Objetivos: ¿a corto o a largo plazo?
Yo soy una persona bastante estructurada. Reconozco que si me armo una rutina para hacer algo (para cierto día, por ejemplo), me cuesta bastante romperla y si la rompo, ya siento culpa, jajajaja. Es como un “círculo vicioso”.
Pero en general tengo bastante constancia para trabajar en lo que me interesa, aunque muchas veces me vaya mal y tarde mucho en lograrlo. Mi personalidad y las circunstancias que me tocaron vivir, me prepararon para luchar (por años) para alcanzar ciertas cosas, aunque me equivoque cientos o miles de veces. Esa es una cualidad que ciertas personas que me conocen mucho, siempre me elogian.
De hecho, funciono mejor trabajando (en objetivos personales a largo plazo) que en cosas inmediatas o que requieren menos tiempo. Pero quizás de tanto darle, y darle (cuando algo realmente me interesa), puedo conseguirlo, aunque me pase media vida luchando por eso; lo cual a veces se vuelve muy pesado o difícil de mantener.
En muchas etapas de mi vida, he sido la más perdedora, y en otras, la más ganadora. Pero en cierta medida, se debe a que estoy esforzándome por algo, durante muchísimo tiempo, aunque nadie lo note ni lo perciba.
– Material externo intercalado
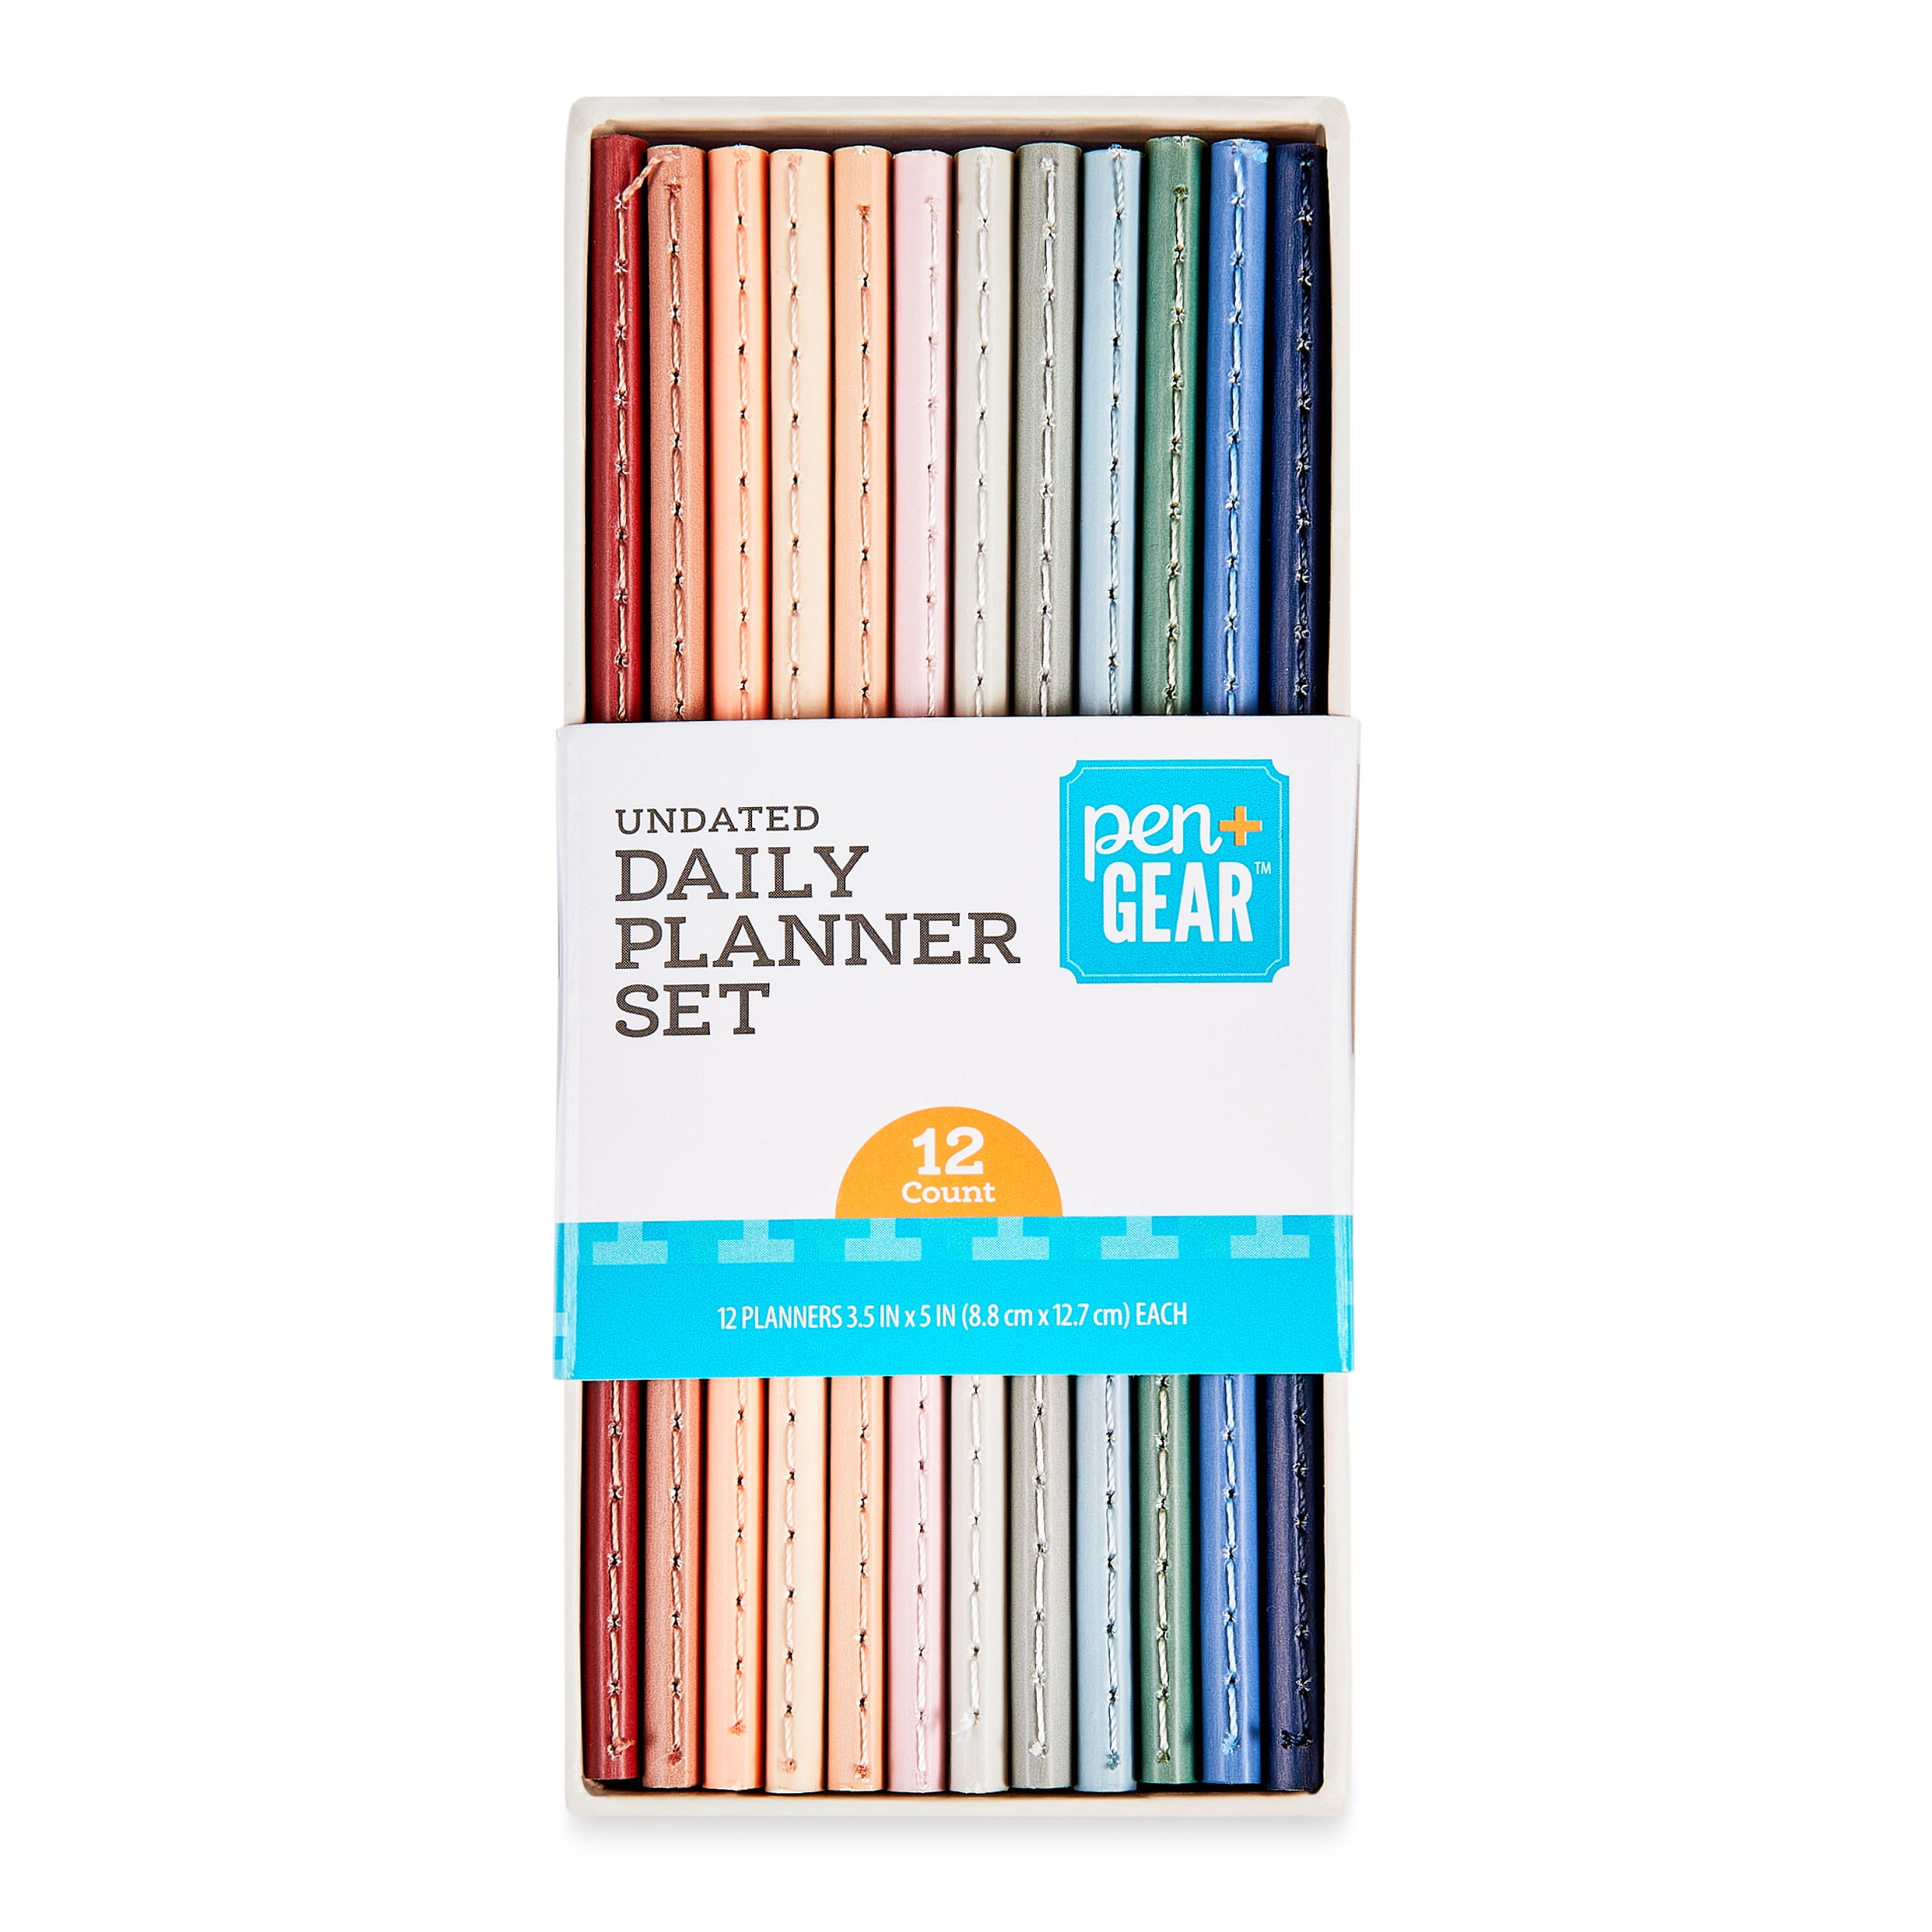 Pen + Gear Undated Daily Planners, Multi-Color, 3.5 in x 5 in, 12

Si bien mi vida es una constante lucha contra todos mis defectos (que son muchos) y admiro a quienes tienen cualidades innatas que yo no tengo, también creo que los objetivos que son tan difíciles de conseguir, y que llevan tanto tiempo, son los que más nos enseñan y preparan para el futuro.
Hace 4 años atrás, uno de los familiares que más quiero, pasó por una enfermedad muy grave. Y en ese momento, prácticamente, se me acabo el mundo. Muchas de las cosas que tenía en ese momento, las fui perdiendo, hasta que logre levantarme y mi familiar por suerte, ahora está bien.
Y en estos momentos le toca el turno a otro familiar, que si bien tiene un pronóstico muchísimo mejor, pasamos por unos días bastante difíciles o complicados, incluso yo de lo nerviosa que estuve, tuve algunos roces con gente que nada tiene que ver con mi entorno familiar.
Incluso durante esos días he dejado de consolar a algunas personas, que siempre me llaman por teléfono, buscando ánimo, porque la verdad no tengo ganas de escuchar a otros, cuando yo estoy mal por cosas mucho más grave. Creo que ese es un pequeño logro personal. Aprender a decir NO, cuando no estoy en condiciones de ayudar a otros.
- Pero lo que si aprendí de esa primera experiencia, es que si me vuelvo a caer como esa vez, no sirvo de nada. No estoy en condiciones de ayudar a nadie, y menos a quien realmente lo necesita. Aprendí que no debo tirar por la borda esos objetivos que me trace, por más egoísta que suene. Hacer cosas por uno mismo es la mejor forma de ayudar a tus seres queridos. Cuando uno está bien, puede ayudar a los demás. De lo contrario, es imposible. Y eso es algo que te permite ver la vida de otra manera, y seguir peleándola. Les aseguro que me costó años aprender esto.
Pero esta vez estoy mucho más fuerte para ayudar a mi familiar, para seguir ayudándome a mí misma, y para seguir trabajando por mis objetivos, que son quizás mis metas de vida.
¿Ustedes qué opinan? ¿Tienen objetivos a largo plazo? ¿Qué hacen para no perder el rumbo? ¿Qué sentimientos tienen cuando alcanzan una meta muy importante en sus vidas? Me gustaría que compartieran conmigo sus impresiones o que me cuenten experiencias parecidas. ¡Muchas gracias!